Zulip Chat Archive

Stream: Is there code for X?

Topic: Performing computations when applying a lemma

Flo (Florent Schaffhauser) (Feb 07 2023 at 09:37):

Hi!

As an exercise (for me), I have formalised the following lemma:

import data.real.basic

def sequence_tendsto (u : ℕ → ℝ) (l : ℝ) :=
∀ ε > 0, ∃ N : ℕ, ∀ n > N, |u n - l| < ε

def continuous_function_at (f : ℝ → ℝ) (x0 : ℝ) :=
∀ ε > 0, ∃ δ > 0, ∀ x, |x - x0| < δ → |f(x) - f(x0)| < ε

lemma limit_f_circ_u (f : ℝ → ℝ) (u : ℕ → ℝ) (x0 : ℝ) :
(sequence_tendsto u x0) ∧ (continuous_function_at f x0) →
sequence_tendsto (f ∘ u) (f x0) :=

But now I would like to apply it to the following example:

def g ( x : ℝ ) := 1+x

noncomputable def v (n : ℕ) := (1/↑n : ℝ)

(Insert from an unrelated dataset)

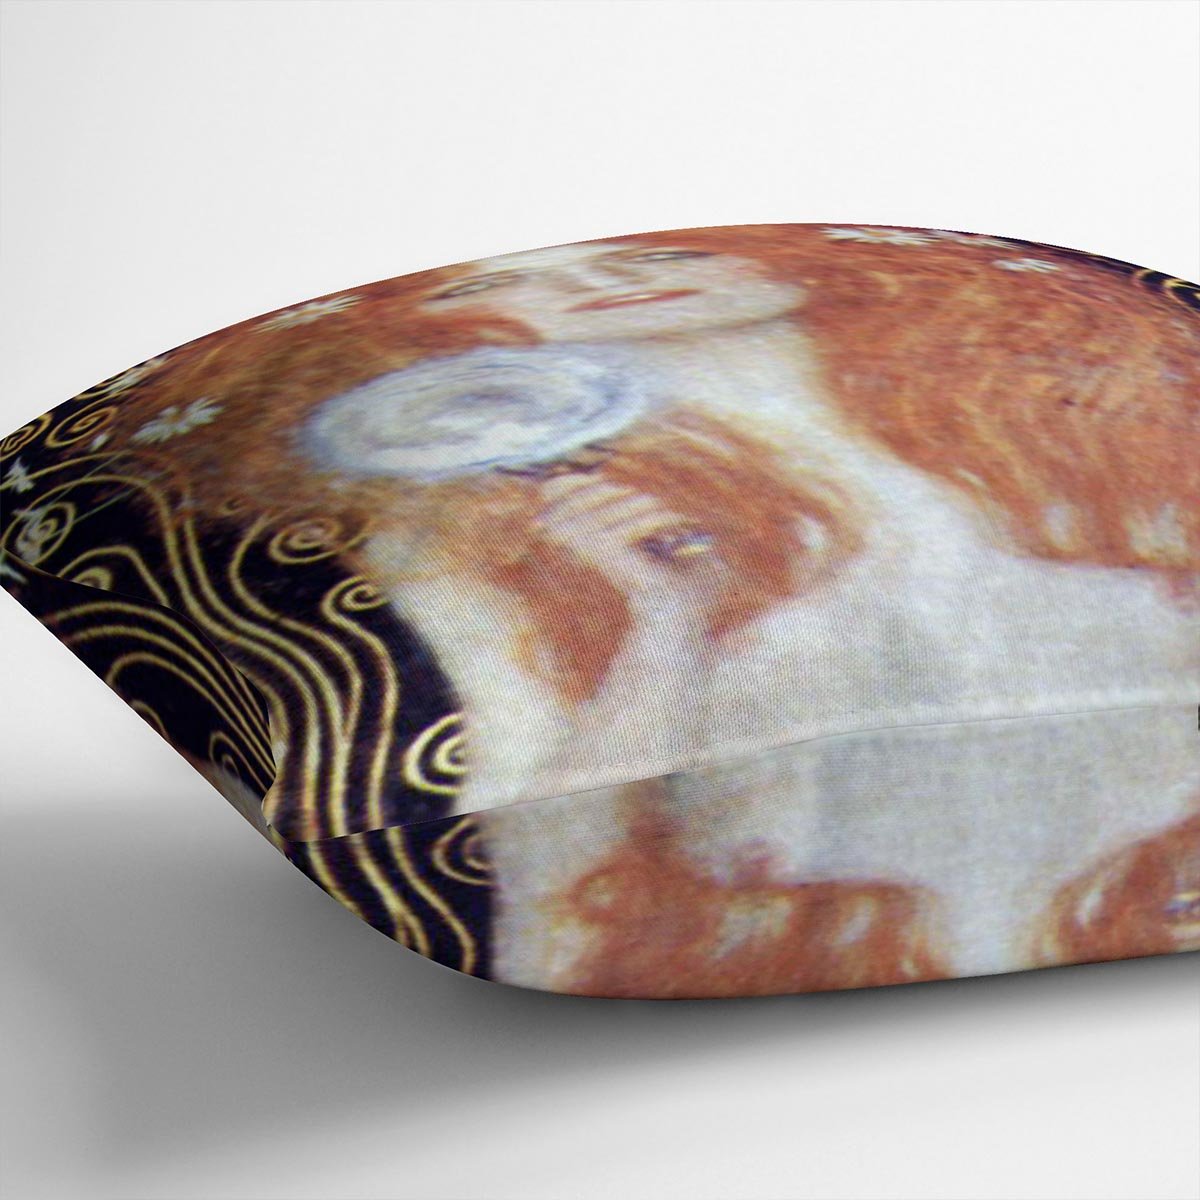 Nuda Veritas Naked Truth by Klimt Throw Pillow

example : sequence_tendsto (g∘v) (g 0) :=

I started off like this:

begin
apply limit_f_circ_u g v 0,
split,
show (∀ ε>0, ∃ N : ℕ, ∀ n > N, |v n - 0| < ε),
simp,
assume (ε ε_pos),
let N := nat.floor (1/ε),
use N,
intro n,
intro h,
rw v,
simp,

end

So now my goal is |(↑n)⁻¹| < ε. I have tried a bunch of things and I am getting close but it is all very ugly. Is there an approach that you would recommend to handle such computations when applying a lemma?

If my function g and my sequence v were more complicated, it would be even more tedious to find the correct N and δ and show that v has a limit x0 and that g is continuous at x0, so any suggestion would be greatly appreciated :-)

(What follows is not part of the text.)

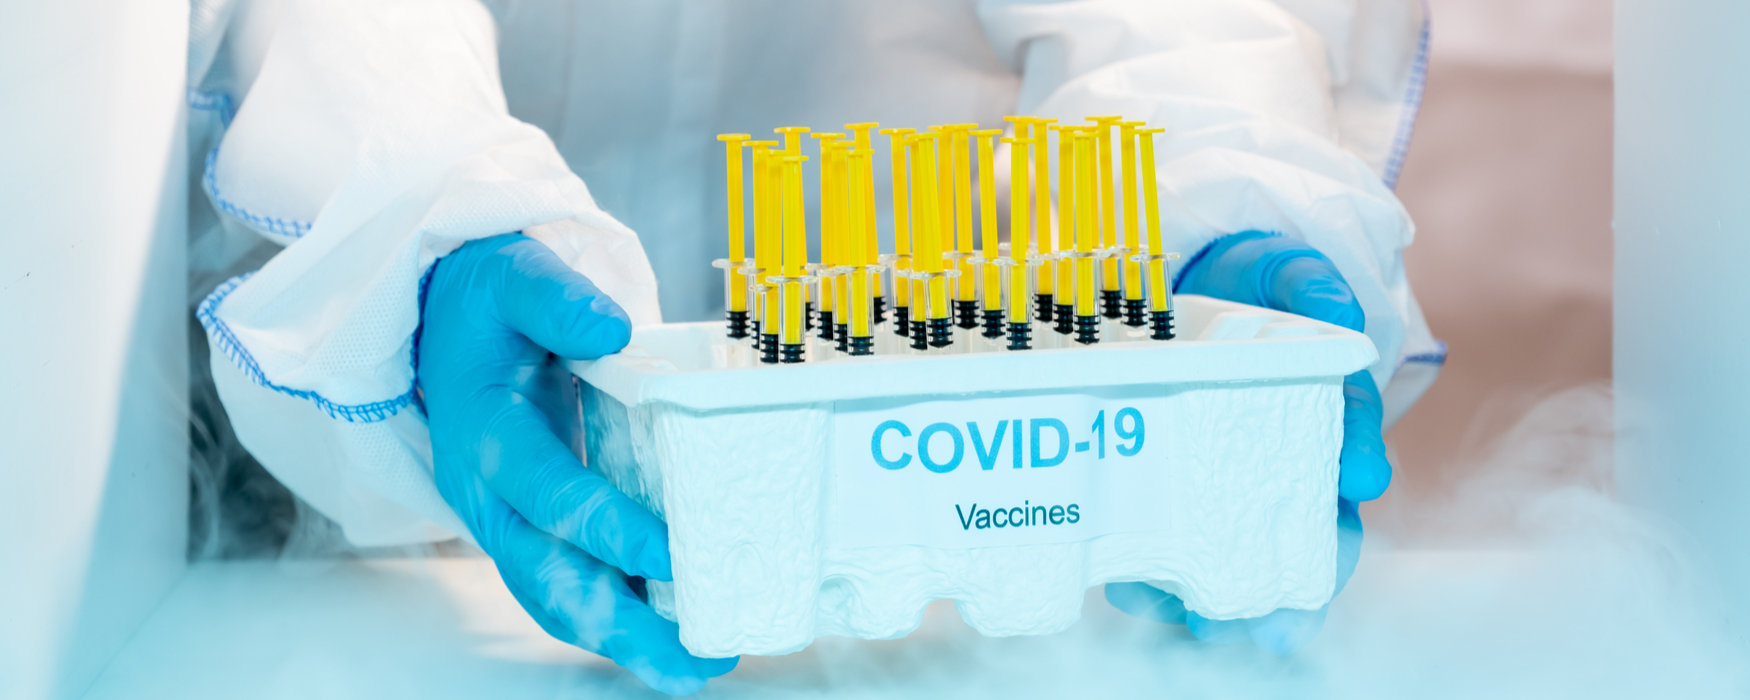 Nebraska covid vaccine freezers - covid 19 vaccine freezer - vaccine storage in Nebraska

Here is for instance what I wrote to prove that g is continuous at 0:

show (∀ ε>0, ∃ δ>0, ∀ x : ℝ , |x - 0| < δ → |g x - g 0| < ε),
intros ε ε_pos,
rw g,
simp,
let δ := ε,
use δ,
split,
exact ε_pos,
intro x,
intro x_small,
rw g,
simp,
exact x_small,

All comments are welcome! Thank you :-)

Johan Commelin (Feb 07 2023 at 09:40):

@Flo (Florent Schaffhauser) Do you know about filters?

Johan Commelin (Feb 07 2023 at 09:41):

They allow you to work with limits and such without needing to find N and delta etc

Johan Commelin (Feb 07 2023 at 09:41):

And this is what mathlib does all over the place.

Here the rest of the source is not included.